After winning the American League batting title and a World Series championship — the second of his young four-year career — Williams entered this offseason expecting to be paid with the best of them. A few months earlier, he had turned down a five-year extension worth $37.5 million. His then-general manager Bob Watson did not appreciate the rejection, saying, “That’s star money for a non-star player.”

Aaron Judge and Bernie Williams
Robert Sabo (2)

When the rival Red Sox offered Williams a seven-year contract worth $91.5 million – more than $30 million more and two years longer than the Yankees’ best offer – it looked like Williams’ days in New York were over. In a last gasp of desperation, however, outfielder Gold Glove requested a meeting with owner George Steinbrenner the day before Thanksgiving to express his desire to remain a Yankee. Shortly after, the club announced Williams’ seven-year, $87.5 million contract.

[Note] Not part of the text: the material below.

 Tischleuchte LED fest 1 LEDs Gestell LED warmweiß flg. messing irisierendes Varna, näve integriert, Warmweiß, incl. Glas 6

Much like Williams, Judge wants the respect of his team and would like to see that reflected in the form of a monster salary. After rejecting the Yankees’ $213.5 million seven-year extension offer in April, the 30-year-old judge threw 41 homers in the first 101 games of the season, putting him on pace for 66 homers. He hasn’t shown any signs of slowing since the All-Star break either, with a 0.417/0.500/0.1139 nine-game slash entering Saturday.

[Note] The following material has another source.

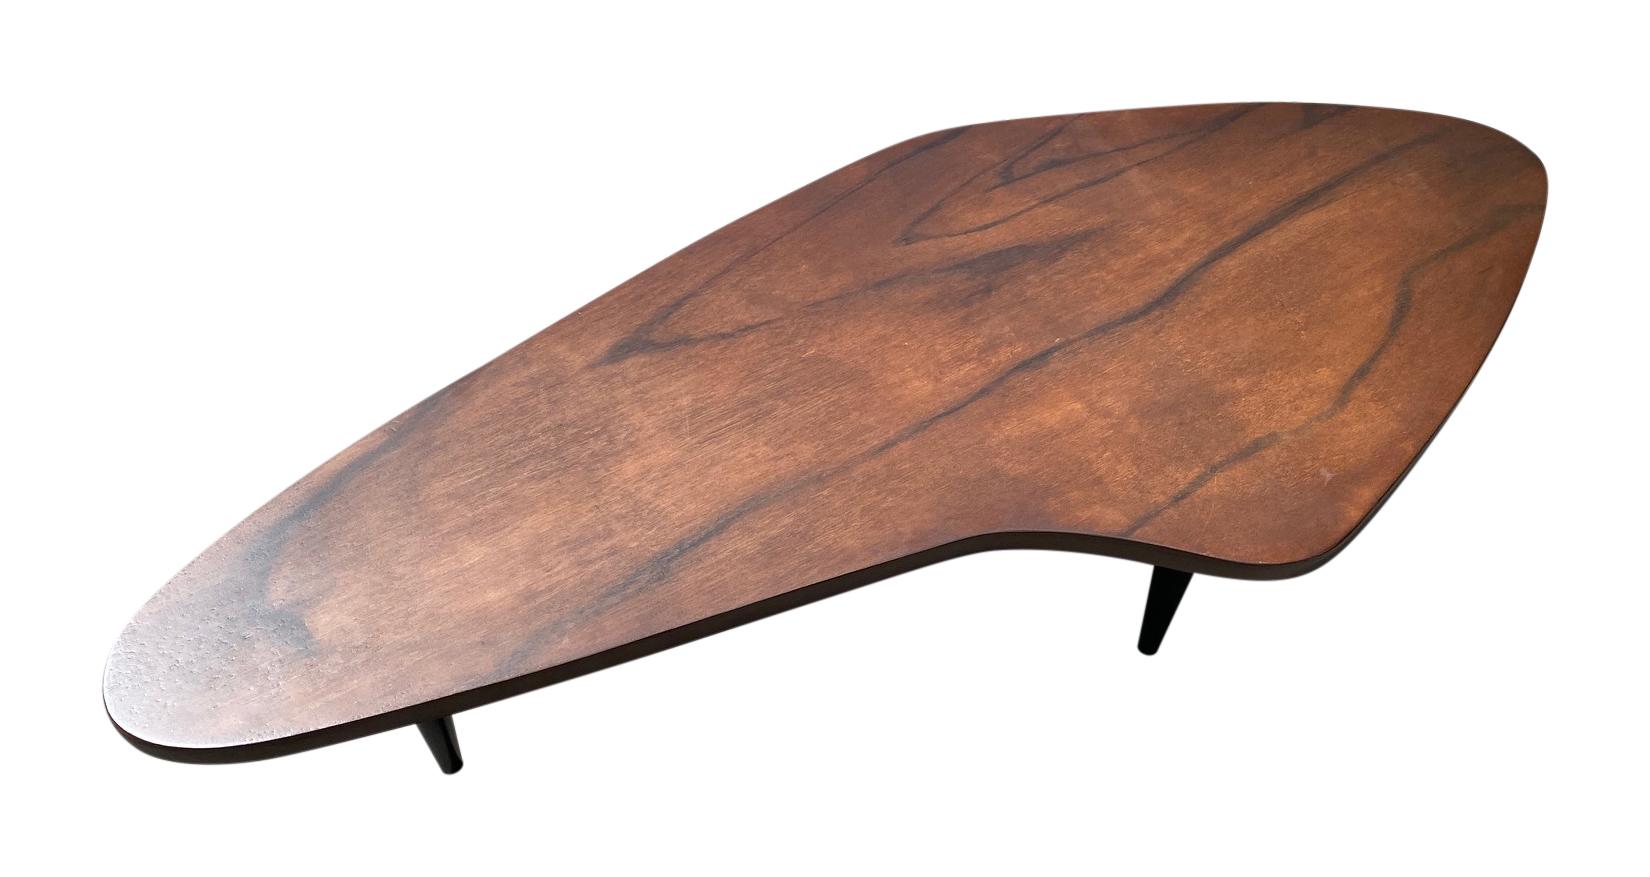 Mexican asymmetrical organic freeform coffee table Mid-Century Modern.

As Judge continues to dominate and offseason contract talks loom, Williams said he thinks the outfielder should enjoy the game he loves and let his bat do the talking.

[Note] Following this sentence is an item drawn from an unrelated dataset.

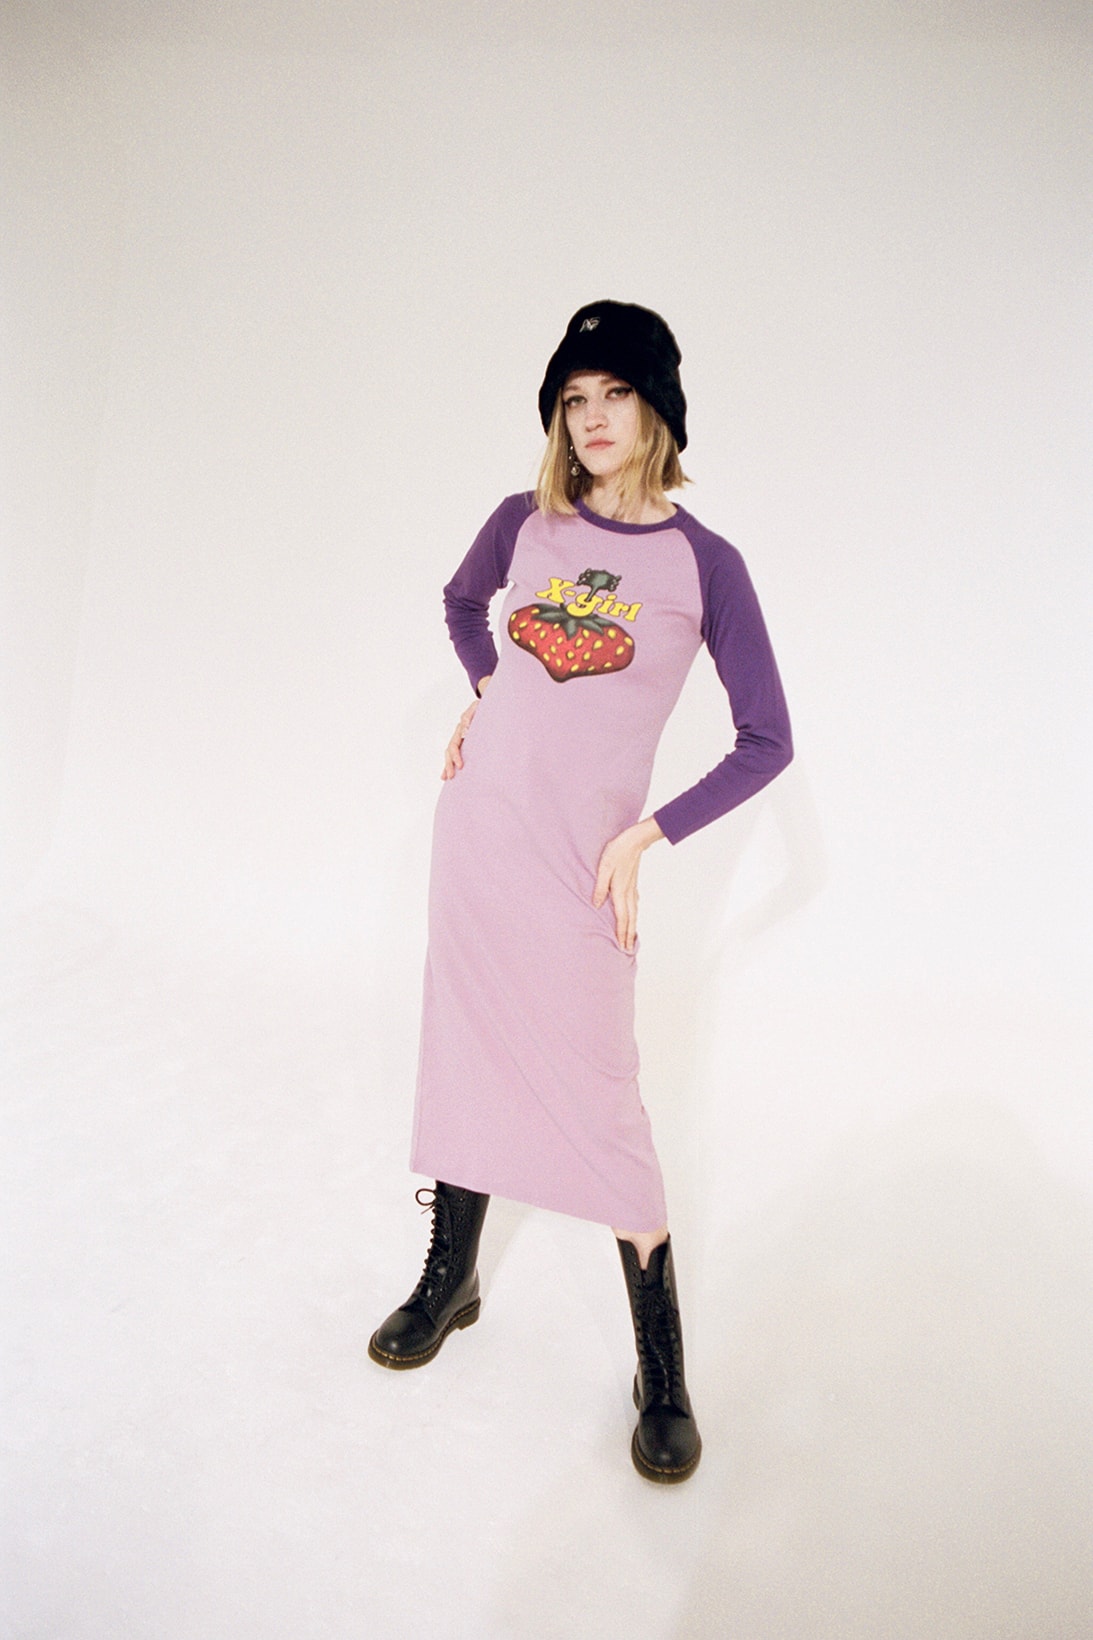 x girl hysteric glamour collaboration dover street market london coco gordon moore lookbook black hat purple dress boots

“The moments he has now to play the game … are his distraction from this whole storyline that’s going on,” Williams said before the Yankees win 8-2 over Royals. “I know that he, like me, bet on himself to have a good year, to put himself in a good position to have leverage to negotiate a good deal. But that should never and will never take precedence over playing the game.

“You know, playing the game is why everyone is here. If you play well and take care of yourself, you’ll be here long enough, you’ll get paid, because the talent is there. But I don’t think that should be a priority for him, because the moments he has now playing the game are moments that come and go, and he’ll never get to experience those things again, so he should have as much fun playing the game as possible right now. Let the business of the game take care of itself by what it does on the pitch.

Tino Martinez, another Old-Timer’s Day winner, believes Judge’s reign with the team is far from over.

“Everyone knows their heart is in New York,” Martinez said. “He loves the New York Yankees. So we’ll go from there.